GIVEN DATA:
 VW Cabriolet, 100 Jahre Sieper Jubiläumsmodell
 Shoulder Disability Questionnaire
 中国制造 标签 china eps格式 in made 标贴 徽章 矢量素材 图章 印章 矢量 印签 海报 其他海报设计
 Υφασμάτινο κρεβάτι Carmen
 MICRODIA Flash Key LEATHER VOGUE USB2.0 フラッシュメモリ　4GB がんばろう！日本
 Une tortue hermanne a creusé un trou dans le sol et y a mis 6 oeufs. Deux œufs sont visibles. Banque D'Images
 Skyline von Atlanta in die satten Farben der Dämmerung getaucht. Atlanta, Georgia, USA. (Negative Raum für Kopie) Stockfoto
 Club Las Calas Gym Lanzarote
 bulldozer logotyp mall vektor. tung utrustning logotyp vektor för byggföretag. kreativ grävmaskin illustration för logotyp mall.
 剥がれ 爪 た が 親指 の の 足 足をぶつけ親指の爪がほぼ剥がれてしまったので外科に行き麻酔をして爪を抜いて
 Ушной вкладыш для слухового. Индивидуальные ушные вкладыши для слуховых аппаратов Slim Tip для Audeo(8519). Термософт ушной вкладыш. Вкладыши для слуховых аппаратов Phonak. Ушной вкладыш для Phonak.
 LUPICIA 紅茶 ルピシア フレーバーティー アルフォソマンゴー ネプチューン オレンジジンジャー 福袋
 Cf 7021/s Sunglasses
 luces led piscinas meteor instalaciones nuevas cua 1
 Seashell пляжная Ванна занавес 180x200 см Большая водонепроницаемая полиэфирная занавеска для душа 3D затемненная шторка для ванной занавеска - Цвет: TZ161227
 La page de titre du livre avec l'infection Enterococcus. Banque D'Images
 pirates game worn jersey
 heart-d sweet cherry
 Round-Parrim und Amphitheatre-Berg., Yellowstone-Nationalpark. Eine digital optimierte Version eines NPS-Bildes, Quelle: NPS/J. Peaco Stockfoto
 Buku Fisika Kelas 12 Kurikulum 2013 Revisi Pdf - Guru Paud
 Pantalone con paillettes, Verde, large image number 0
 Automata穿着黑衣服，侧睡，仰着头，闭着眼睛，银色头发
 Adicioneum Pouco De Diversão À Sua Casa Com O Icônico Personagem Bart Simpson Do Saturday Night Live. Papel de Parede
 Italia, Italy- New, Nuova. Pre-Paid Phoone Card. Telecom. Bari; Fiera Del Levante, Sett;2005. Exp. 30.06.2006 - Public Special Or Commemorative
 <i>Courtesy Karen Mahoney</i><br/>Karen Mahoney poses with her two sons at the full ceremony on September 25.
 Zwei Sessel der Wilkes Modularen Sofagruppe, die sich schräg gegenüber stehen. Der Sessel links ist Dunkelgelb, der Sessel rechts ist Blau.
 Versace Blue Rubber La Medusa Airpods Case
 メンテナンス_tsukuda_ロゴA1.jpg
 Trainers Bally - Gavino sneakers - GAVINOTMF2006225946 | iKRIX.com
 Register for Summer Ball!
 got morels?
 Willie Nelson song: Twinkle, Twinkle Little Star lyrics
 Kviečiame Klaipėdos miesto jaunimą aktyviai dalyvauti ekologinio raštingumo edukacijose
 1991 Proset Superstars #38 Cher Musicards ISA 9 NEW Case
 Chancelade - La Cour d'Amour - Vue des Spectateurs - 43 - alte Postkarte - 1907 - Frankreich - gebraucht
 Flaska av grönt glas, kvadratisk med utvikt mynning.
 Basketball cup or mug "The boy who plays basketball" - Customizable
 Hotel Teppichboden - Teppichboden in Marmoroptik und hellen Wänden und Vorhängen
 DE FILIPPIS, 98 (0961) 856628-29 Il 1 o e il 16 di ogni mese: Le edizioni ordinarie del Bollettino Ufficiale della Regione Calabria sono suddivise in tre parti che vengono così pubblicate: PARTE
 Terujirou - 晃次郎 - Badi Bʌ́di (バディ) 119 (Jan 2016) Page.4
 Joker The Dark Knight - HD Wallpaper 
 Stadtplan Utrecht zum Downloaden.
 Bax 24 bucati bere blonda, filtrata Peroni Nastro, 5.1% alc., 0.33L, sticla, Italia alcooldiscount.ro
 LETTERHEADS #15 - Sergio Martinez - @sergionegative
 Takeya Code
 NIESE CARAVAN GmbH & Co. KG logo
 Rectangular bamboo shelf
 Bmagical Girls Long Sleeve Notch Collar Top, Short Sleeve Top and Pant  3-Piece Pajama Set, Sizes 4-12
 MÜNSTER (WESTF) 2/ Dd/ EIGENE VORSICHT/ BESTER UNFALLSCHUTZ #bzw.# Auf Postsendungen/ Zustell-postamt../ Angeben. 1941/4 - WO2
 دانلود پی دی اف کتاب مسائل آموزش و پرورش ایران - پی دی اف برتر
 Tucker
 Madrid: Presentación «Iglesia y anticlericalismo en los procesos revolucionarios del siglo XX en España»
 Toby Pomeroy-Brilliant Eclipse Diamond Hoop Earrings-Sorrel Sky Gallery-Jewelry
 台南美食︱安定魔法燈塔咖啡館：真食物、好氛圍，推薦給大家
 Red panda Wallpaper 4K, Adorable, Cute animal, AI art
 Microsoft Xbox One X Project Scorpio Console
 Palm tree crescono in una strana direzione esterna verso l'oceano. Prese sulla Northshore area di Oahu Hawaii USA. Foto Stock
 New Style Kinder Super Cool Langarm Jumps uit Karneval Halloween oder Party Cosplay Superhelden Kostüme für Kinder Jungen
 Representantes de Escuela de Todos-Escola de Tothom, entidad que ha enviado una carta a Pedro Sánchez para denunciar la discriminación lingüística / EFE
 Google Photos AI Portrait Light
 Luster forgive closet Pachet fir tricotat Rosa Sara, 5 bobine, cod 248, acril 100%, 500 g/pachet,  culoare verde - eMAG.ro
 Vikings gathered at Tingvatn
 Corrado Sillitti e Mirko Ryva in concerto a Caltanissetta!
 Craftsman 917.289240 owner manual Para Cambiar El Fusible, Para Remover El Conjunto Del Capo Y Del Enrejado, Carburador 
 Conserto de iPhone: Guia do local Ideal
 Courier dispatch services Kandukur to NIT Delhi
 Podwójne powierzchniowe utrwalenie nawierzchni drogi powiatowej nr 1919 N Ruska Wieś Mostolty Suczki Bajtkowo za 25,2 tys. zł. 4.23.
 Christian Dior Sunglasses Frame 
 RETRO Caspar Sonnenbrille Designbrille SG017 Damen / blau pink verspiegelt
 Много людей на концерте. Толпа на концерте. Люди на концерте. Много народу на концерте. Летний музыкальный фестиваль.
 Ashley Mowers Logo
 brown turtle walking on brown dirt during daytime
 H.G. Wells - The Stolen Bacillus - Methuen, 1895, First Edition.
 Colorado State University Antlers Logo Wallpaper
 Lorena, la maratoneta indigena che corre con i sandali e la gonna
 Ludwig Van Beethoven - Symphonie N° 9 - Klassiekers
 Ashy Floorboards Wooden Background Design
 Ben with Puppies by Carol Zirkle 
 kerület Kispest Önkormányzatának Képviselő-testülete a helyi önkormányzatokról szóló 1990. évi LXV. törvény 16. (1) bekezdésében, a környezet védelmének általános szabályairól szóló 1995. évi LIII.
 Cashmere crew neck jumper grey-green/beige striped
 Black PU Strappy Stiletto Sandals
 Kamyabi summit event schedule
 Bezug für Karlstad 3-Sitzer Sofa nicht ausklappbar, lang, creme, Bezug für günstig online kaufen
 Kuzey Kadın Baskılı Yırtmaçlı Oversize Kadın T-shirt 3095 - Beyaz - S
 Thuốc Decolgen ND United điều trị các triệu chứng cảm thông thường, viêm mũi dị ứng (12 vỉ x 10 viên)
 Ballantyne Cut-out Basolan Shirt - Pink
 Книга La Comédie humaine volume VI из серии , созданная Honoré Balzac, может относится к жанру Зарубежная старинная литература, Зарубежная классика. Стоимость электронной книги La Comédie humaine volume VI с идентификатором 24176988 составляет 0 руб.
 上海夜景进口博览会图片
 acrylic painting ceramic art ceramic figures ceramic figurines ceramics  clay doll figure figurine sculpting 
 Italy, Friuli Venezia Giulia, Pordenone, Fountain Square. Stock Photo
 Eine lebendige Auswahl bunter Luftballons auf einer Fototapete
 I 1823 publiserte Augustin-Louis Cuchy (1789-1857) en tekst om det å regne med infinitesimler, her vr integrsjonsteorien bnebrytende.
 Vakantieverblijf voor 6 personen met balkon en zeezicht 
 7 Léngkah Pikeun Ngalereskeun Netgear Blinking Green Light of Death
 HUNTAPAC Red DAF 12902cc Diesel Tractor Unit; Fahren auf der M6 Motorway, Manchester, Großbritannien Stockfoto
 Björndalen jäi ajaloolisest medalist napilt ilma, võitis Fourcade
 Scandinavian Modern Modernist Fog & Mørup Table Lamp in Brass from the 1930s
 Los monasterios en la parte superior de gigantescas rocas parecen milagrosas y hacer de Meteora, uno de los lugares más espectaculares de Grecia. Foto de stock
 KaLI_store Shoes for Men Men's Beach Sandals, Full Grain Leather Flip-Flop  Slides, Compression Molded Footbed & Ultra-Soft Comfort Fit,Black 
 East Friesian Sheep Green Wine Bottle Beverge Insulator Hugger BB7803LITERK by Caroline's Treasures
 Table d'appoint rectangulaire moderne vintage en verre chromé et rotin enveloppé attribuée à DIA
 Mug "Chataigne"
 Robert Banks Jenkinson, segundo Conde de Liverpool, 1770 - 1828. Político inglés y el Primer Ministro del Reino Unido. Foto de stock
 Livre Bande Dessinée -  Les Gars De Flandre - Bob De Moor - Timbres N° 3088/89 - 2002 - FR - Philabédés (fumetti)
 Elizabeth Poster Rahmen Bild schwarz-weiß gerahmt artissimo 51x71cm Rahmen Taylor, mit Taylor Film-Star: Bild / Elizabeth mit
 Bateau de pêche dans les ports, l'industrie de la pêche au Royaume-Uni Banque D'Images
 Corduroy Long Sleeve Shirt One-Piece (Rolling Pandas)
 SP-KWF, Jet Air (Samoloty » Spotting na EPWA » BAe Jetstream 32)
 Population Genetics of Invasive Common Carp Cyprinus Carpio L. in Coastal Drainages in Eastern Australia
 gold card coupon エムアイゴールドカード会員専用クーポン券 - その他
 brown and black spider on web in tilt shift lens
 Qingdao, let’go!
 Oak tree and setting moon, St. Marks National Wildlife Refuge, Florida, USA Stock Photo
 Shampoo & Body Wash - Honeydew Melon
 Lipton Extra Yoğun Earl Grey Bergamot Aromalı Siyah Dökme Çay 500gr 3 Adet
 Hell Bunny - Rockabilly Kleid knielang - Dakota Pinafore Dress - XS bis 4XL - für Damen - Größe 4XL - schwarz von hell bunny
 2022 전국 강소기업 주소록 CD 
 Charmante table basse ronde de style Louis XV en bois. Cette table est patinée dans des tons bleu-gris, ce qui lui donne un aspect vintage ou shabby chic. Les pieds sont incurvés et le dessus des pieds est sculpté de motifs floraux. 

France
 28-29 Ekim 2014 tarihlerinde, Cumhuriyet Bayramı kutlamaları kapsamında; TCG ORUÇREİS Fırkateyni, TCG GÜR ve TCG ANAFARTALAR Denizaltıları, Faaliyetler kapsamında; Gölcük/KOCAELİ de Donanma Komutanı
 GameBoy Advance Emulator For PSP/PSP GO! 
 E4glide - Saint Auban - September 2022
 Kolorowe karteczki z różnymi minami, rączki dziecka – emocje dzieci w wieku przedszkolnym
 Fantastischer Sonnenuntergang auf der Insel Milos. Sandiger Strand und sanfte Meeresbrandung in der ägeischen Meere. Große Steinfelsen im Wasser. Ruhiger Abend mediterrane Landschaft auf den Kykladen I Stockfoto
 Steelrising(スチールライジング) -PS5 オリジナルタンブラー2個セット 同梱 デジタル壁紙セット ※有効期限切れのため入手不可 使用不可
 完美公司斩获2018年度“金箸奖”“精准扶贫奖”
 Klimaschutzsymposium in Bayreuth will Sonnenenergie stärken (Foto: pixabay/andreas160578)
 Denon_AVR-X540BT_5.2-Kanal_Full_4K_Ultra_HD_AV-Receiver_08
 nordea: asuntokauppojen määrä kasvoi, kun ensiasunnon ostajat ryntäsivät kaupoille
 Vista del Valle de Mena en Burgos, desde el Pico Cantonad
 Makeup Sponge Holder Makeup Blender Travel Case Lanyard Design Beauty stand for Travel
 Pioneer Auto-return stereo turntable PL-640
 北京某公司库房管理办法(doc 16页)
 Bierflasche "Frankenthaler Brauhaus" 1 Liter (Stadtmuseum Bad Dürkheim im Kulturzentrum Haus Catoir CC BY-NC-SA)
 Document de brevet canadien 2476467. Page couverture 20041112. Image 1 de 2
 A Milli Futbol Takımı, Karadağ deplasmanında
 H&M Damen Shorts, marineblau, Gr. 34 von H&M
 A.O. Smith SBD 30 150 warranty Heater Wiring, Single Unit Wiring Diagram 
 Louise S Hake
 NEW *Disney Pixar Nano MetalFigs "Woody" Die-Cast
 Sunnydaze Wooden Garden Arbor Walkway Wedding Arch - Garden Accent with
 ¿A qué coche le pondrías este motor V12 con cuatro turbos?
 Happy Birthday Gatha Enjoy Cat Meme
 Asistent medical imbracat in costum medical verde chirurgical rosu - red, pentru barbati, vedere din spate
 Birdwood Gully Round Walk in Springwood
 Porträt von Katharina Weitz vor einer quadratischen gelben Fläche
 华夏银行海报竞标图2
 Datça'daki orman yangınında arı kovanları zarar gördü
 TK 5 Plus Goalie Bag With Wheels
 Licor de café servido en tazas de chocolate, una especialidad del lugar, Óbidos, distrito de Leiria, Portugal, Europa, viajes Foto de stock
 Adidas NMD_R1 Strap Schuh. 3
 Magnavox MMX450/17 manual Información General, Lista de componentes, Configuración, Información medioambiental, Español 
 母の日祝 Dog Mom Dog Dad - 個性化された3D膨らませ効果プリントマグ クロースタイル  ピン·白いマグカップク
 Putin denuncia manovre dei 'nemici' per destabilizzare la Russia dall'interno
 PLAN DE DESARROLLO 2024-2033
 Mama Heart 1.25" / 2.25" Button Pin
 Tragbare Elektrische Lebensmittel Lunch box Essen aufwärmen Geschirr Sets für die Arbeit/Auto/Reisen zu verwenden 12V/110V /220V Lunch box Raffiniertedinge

ACTIVITY:
Your answer should be the lines above, from the line containing "Porträt von Katharina" up to and including the line containing "PLAN DE DESARROLLO 2024-2033", reproduced exactly and with nothing else.

TASK ANSWER:
 Porträt von Katharina Weitz vor einer quadratischen gelben Fläche
 华夏银行海报竞标图2
 Datça'daki orman yangınında arı kovanları zarar gördü
 TK 5 Plus Goalie Bag With Wheels
 Licor de café servido en tazas de chocolate, una especialidad del lugar, Óbidos, distrito de Leiria, Portugal, Europa, viajes Foto de stock
 Adidas NMD_R1 Strap Schuh. 3
 Magnavox MMX450/17 manual Información General, Lista de componentes, Configuración, Información medioambiental, Español 
 母の日祝 Dog Mom Dog Dad - 個性化された3D膨らませ効果プリントマグ クロースタイル  ピン·白いマグカップク
 Putin denuncia manovre dei 'nemici' per destabilizzare la Russia dall'interno
 PLAN DE DESARROLLO 2024-2033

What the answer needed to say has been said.